2. **High-link or deep-heading hub pages are the danger zone.** A homepage with 200+ links and a long heading map can easily blow past 16 KB. Test every hub.
3. **Always cap the payload defensively.** Implement a hard byte limit (e.g. 6 KB per header, 12 KB combined) and gracefully truncate or omit the header when over budget. Better to ship 50 of 200 links than to 500 the page.
4. **Cache it at the edge.** The first crawl will hit your Worker for every URL (slow). Cache the response with `caches.default.put` and a sane `Cache-Control`, then purge once when the header shape changes.

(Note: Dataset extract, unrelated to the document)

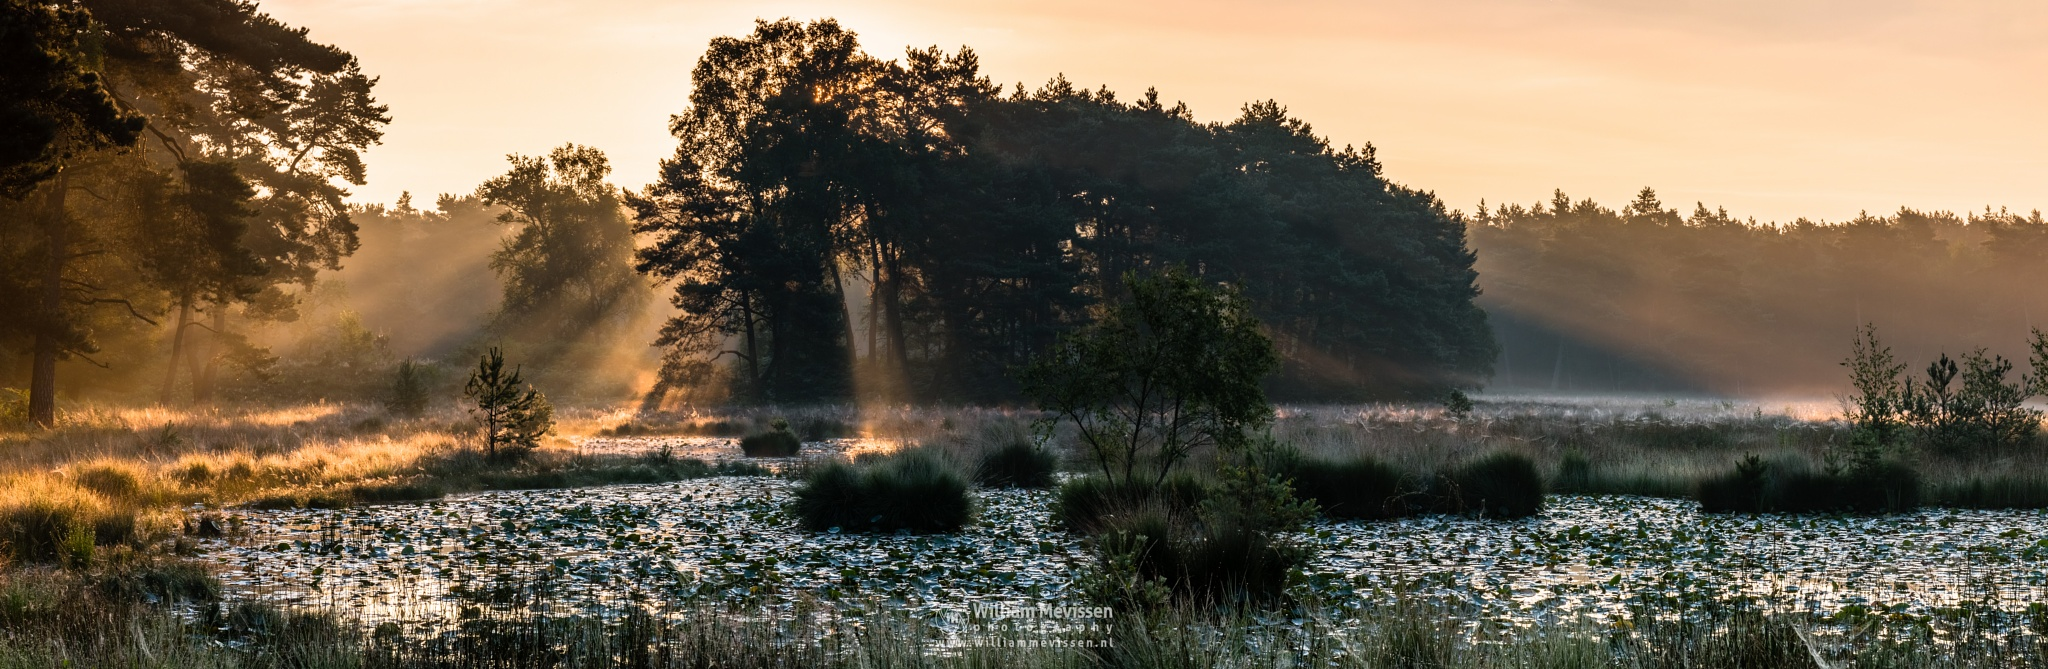 Photo in Landscape #ravenvennen #lomm #limburg #noord-limburg #arcen #nature #nature reserve #forest #woods #velden #netherlands #swamp #fen #sunrise #mood #silhouette #silhouettes #trees #tree #fens #sunrays #rays #beams

5. **Do not roll this out without your dev team.** Especially in enterprise. This touches your CDN config, your origin response-header budget, and your bot-handling rules. Coordinate with platform/SRE and SEO together. Run it on a small subset of pages first, monitor 5xx rates, and roll forward only after a clean staging run.
6. **Scope this to sites you own.** It's a publishing technique for site owners, not a bypass tool for someone else's WAF.